# Sax 125.2 repairs



## ruizal (Aug 4, 2015)

Hey guys I bought a used sax 125.2 and found the rca plugs for both input and output were shot. Literally crumbled in my hands. I've been everywhere trying to find replacement plugs with no luck. The rca x2 pcb I ordered from mcmelectronics is close, but no cigar. I'd like to just buy the rcas if anyone has a link to where I could snag some. I've had zero luck. Even tried fabbing up a quick homemade rca thingamajig last night. All I got from the amp was some hiss in my tweeters. 
Any help is very appreciated! 

Adam

Broken plugs 










Black is original, white is the pcb. Notice the different location of the prongs. I might be able to swap metal prongs around to get something to work but I had no luck last night. 









Finally, my ghetto temp idea. It didn't work lol

















If all else fails I'd like to find an old school amp to replace this with. I have an old school Alpine for the rear fill when I have passengers.
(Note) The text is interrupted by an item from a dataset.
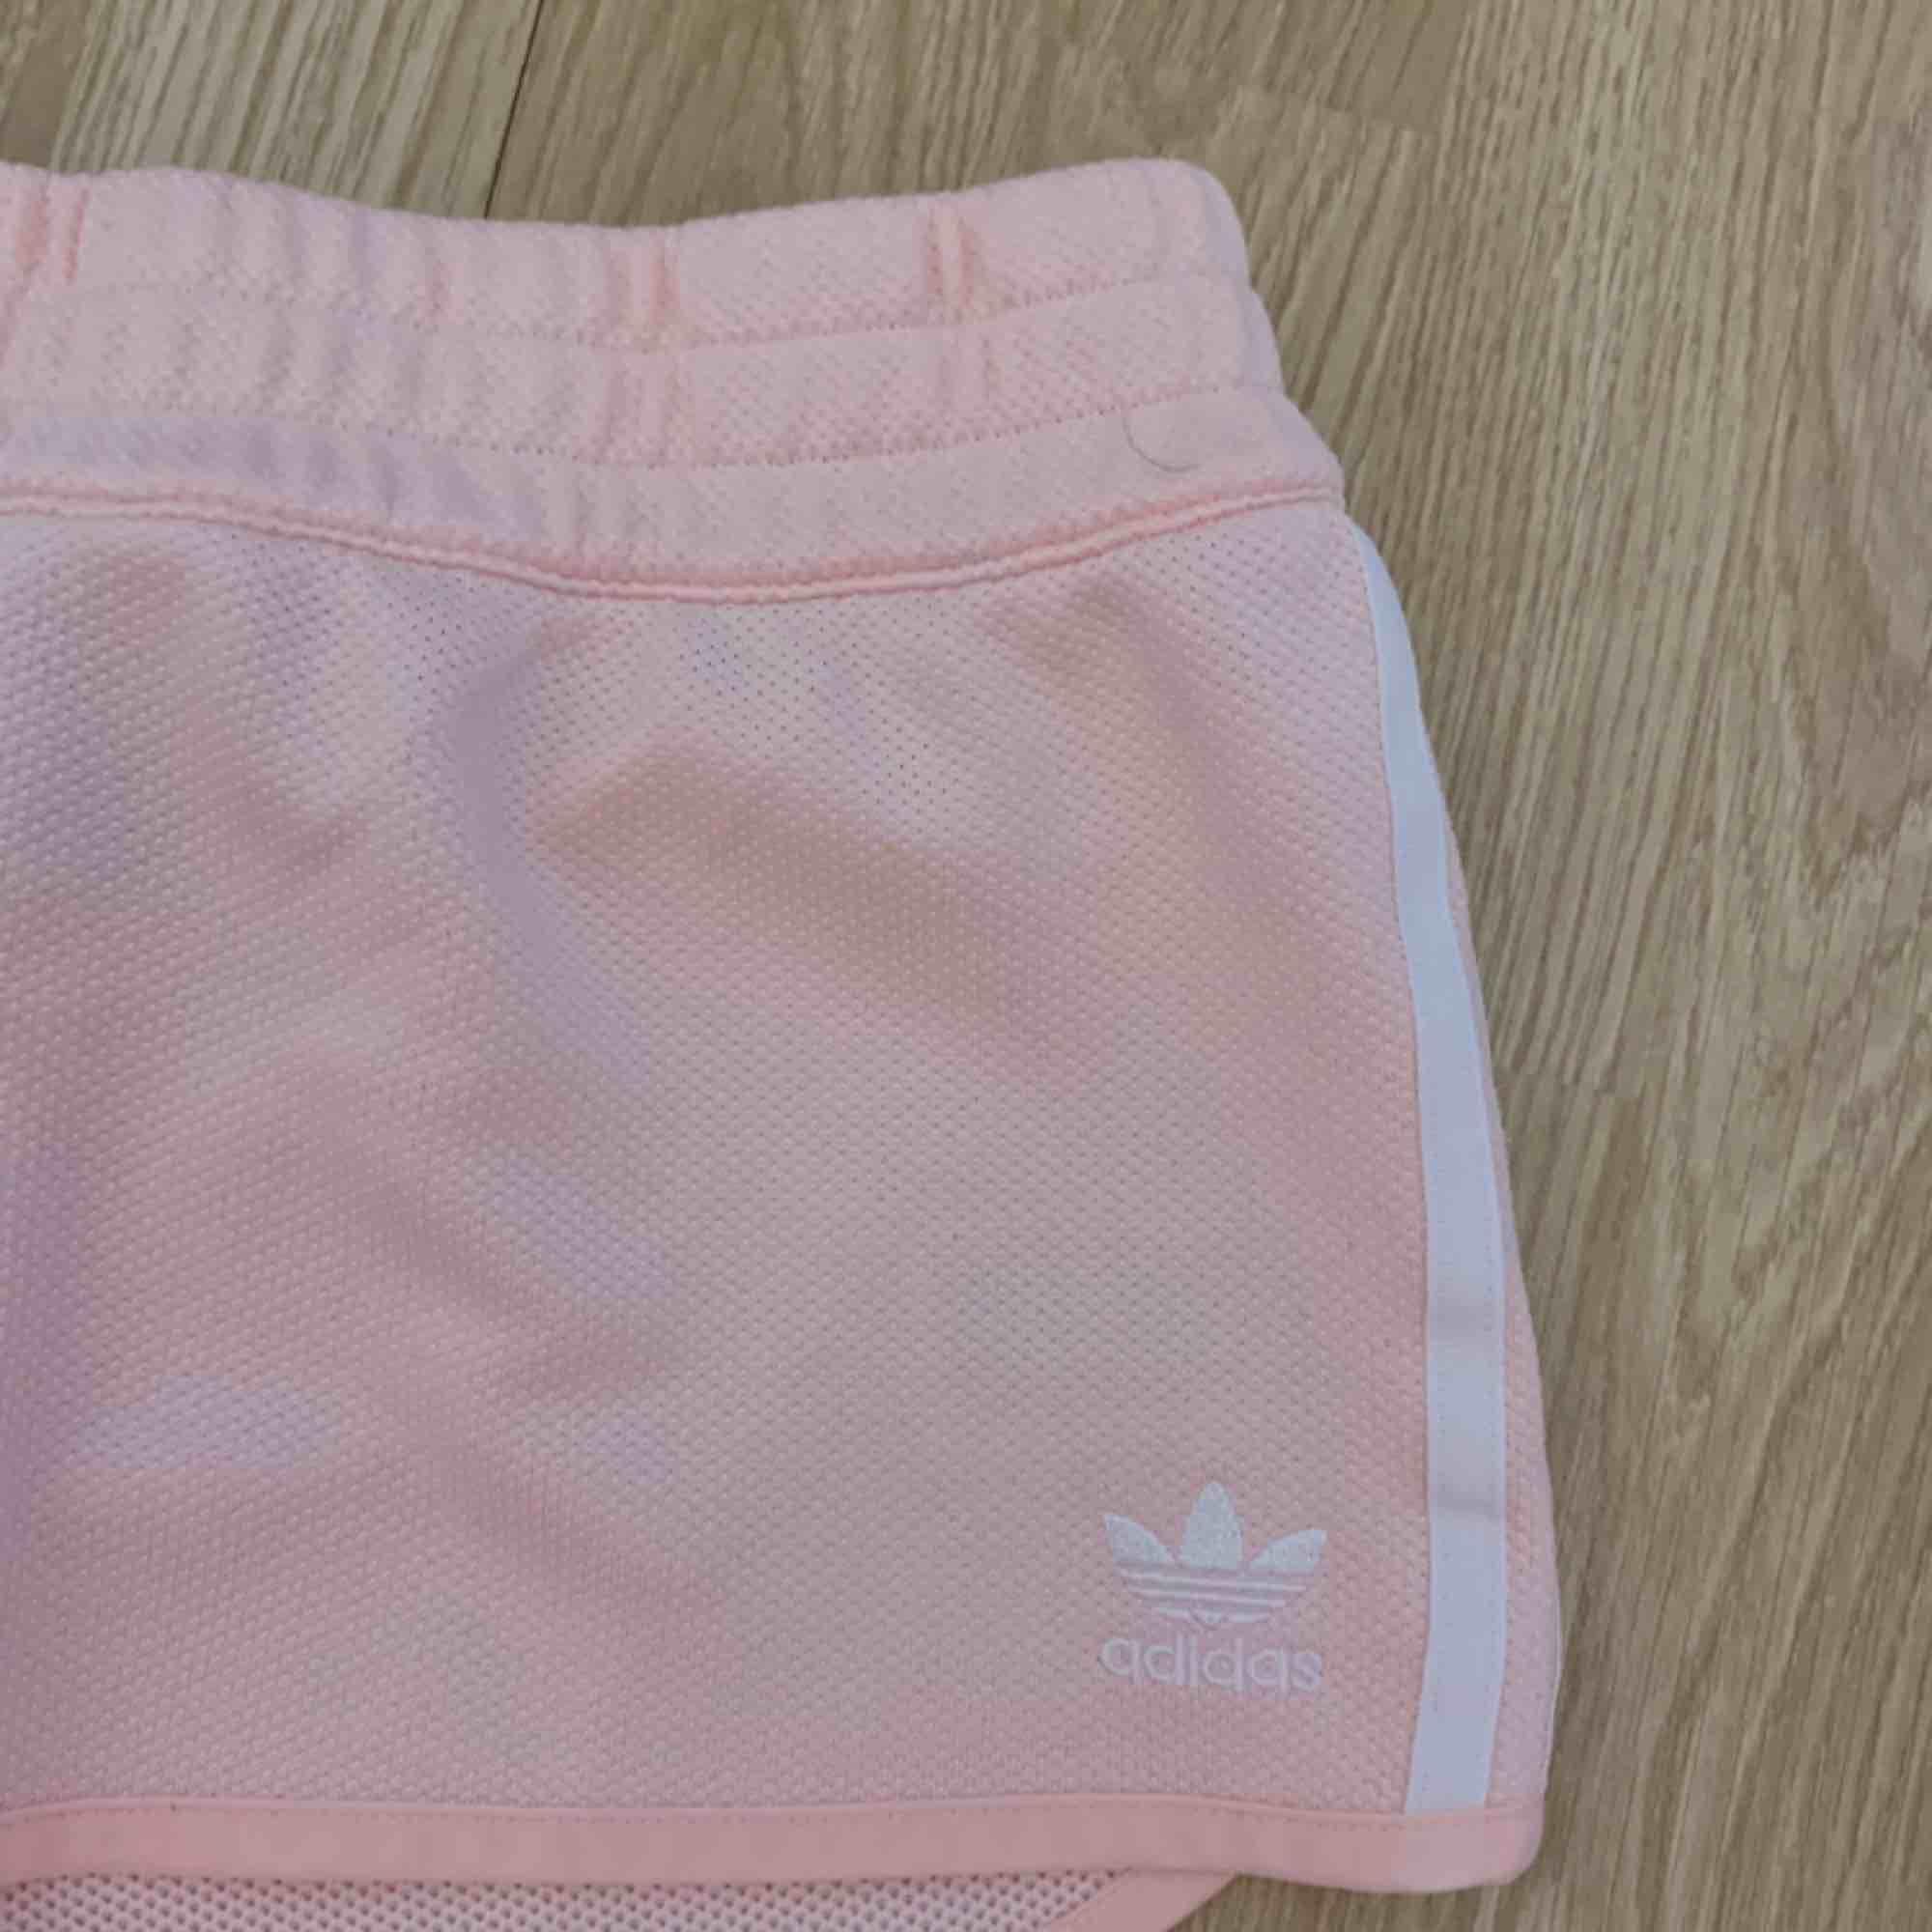 Rosa adidas shorts storlek 38, fint skick.  Möts upp i Stockholm eller fraktar.  Frakt kostar 54kr extra, postar med videobevis/bildbevis. Jag garanterar en snabb pålitlig affär!✨. Shorts.
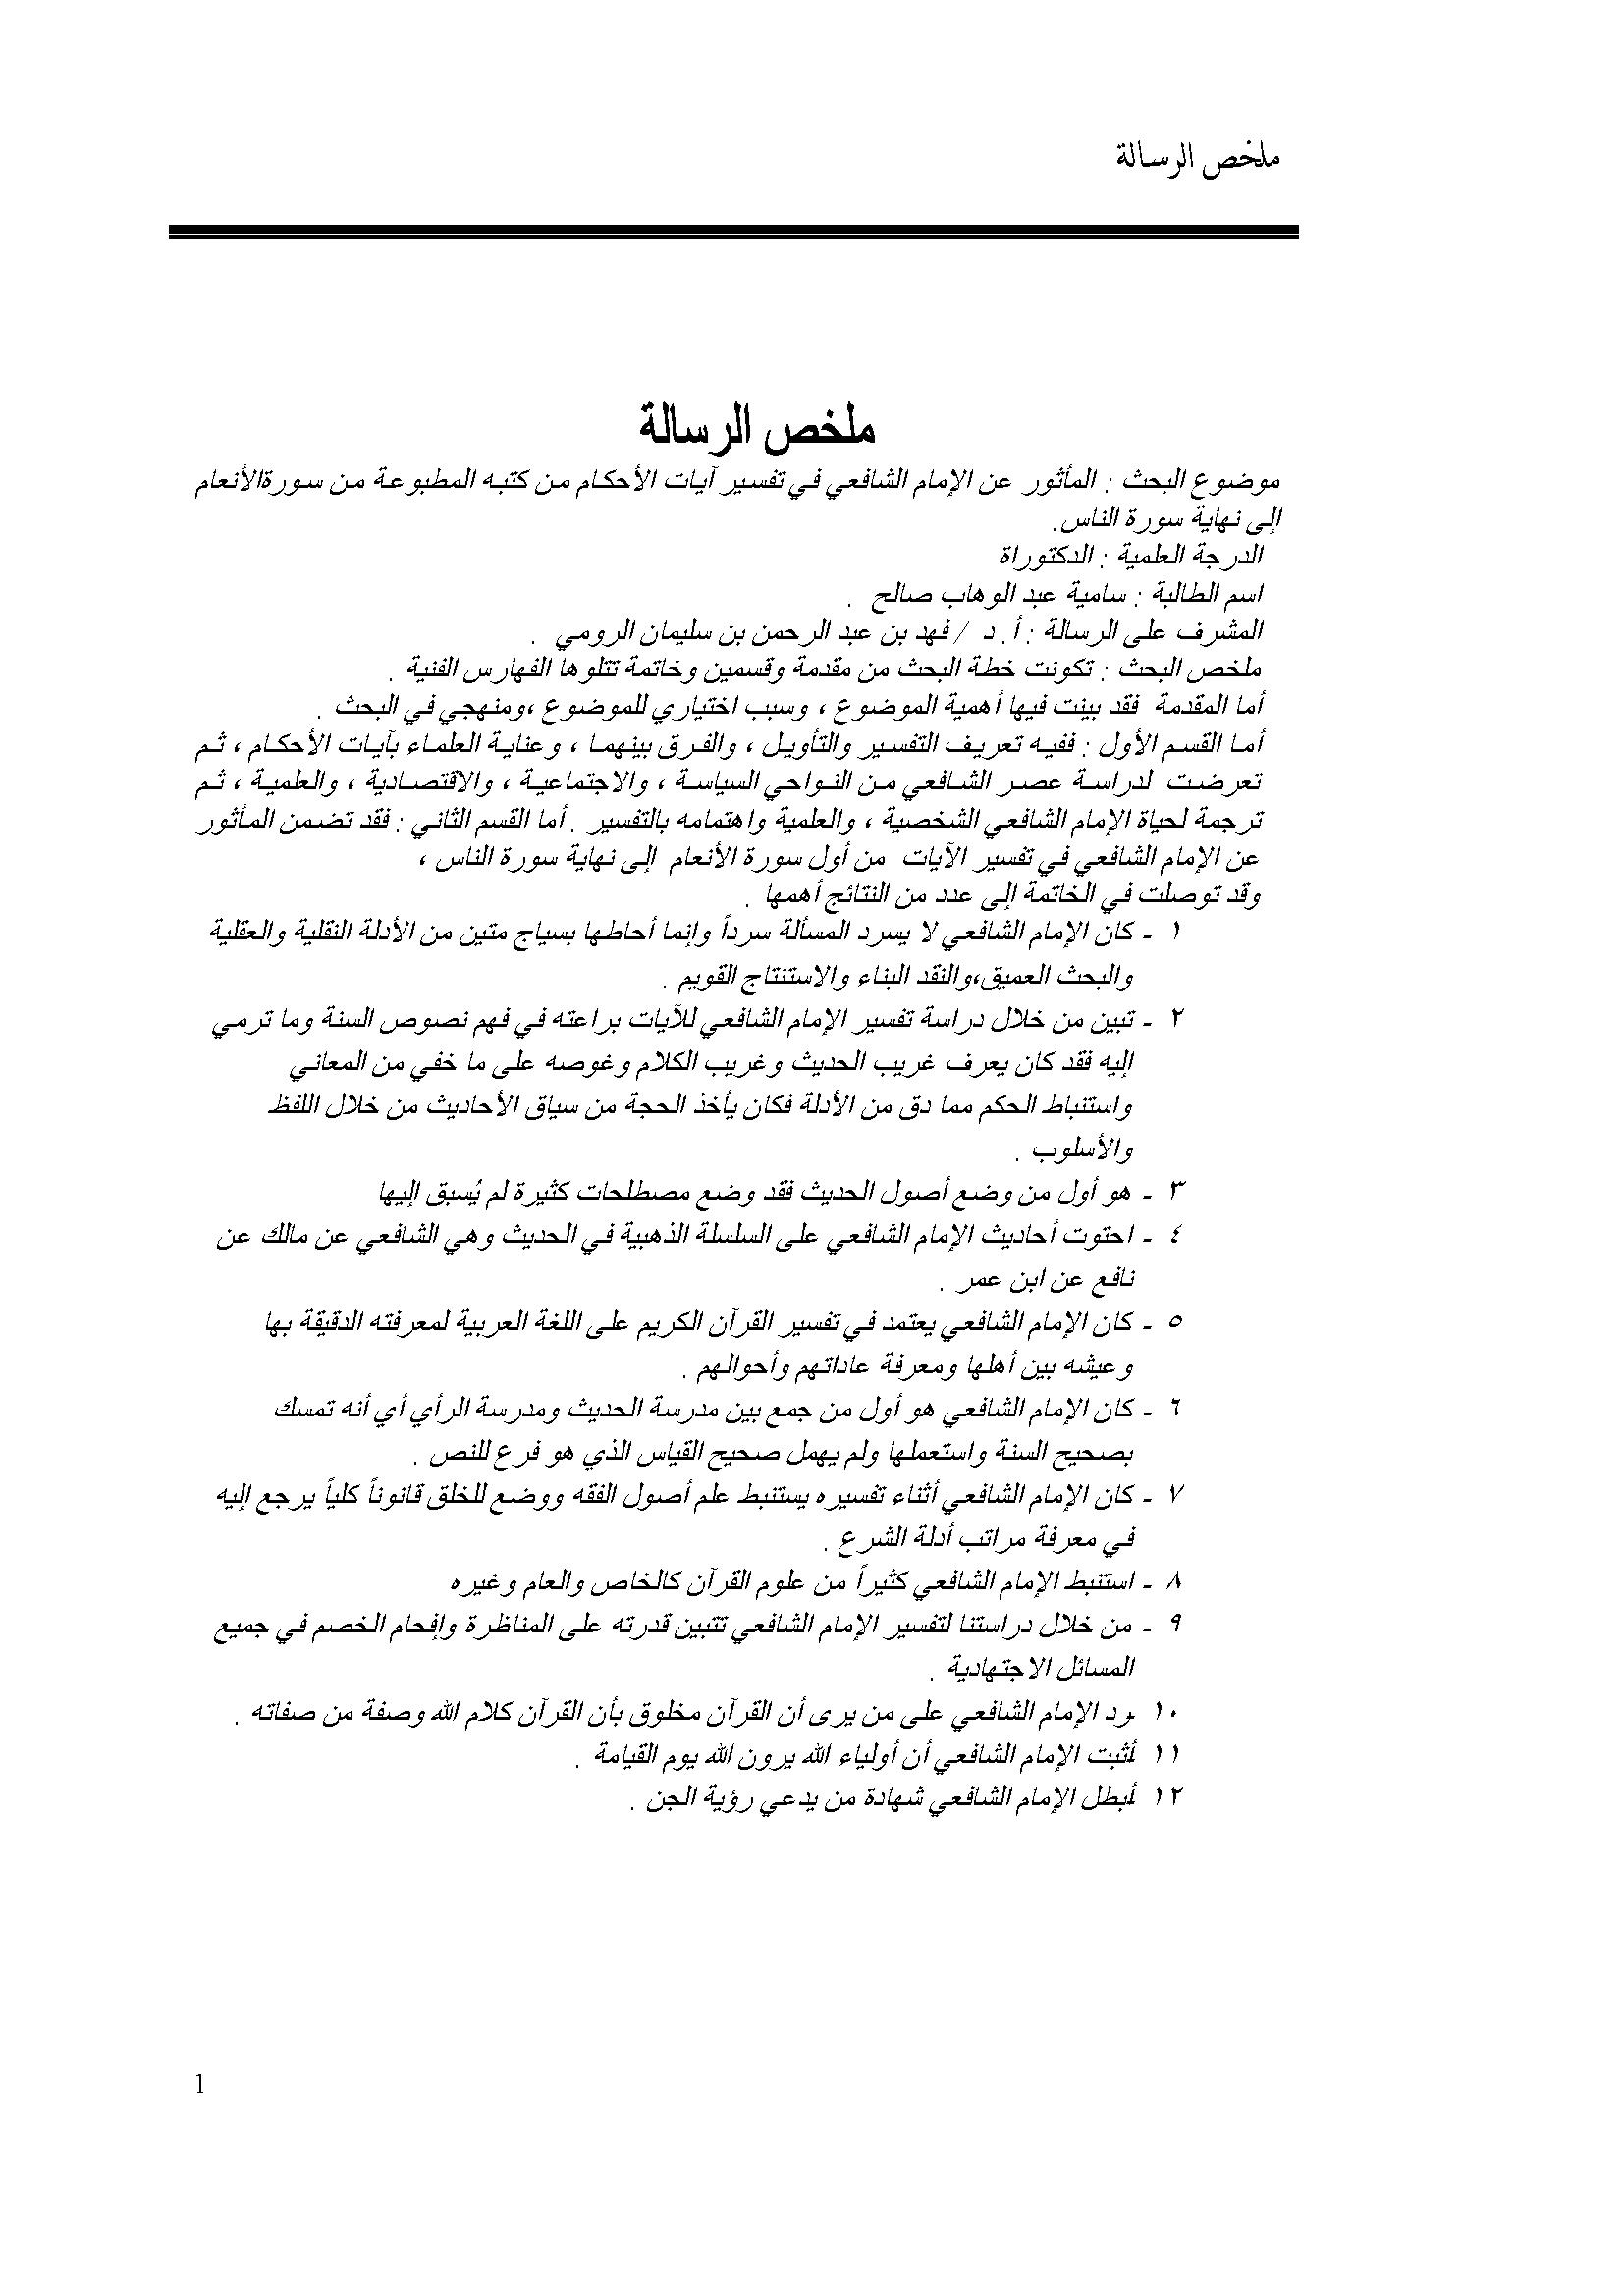 تحميل كتاب المأثور عن الإمام الشافعي في تفسير آيات الأحكام من كتبه المطبوعة من سورة الأنعام إلى نهاية سورة الناس لـِ: سامية عبد الوهاب صالح

Cool little amp! 

Once again, thanks to anyone who can help!


----------



## ATOMICTECH62 (Jan 24, 2009)

The pins on the white one are the same as the black one.So,even if it doesn't "fit"exactly like the OEM you should still get audio.
The center is ground and the left and right are,left and right.Maybe flip flop for the L/R but there should audio.
Im sure I have a used one to match the OEM but it sounds like there is another problem.


----------



## ruizal (Aug 4, 2015)

ATOMICTECH62 said:


> The pins on the white one are the same as the black one.So,even if it doesn't "fit"exactly like the OEM you should still get audio.
> The center is ground and the left and right are,left and right.Maybe flip flop for the L/R but there should audio.
> Im sure I have a used one to match the OEM but it sounds like there is another problem.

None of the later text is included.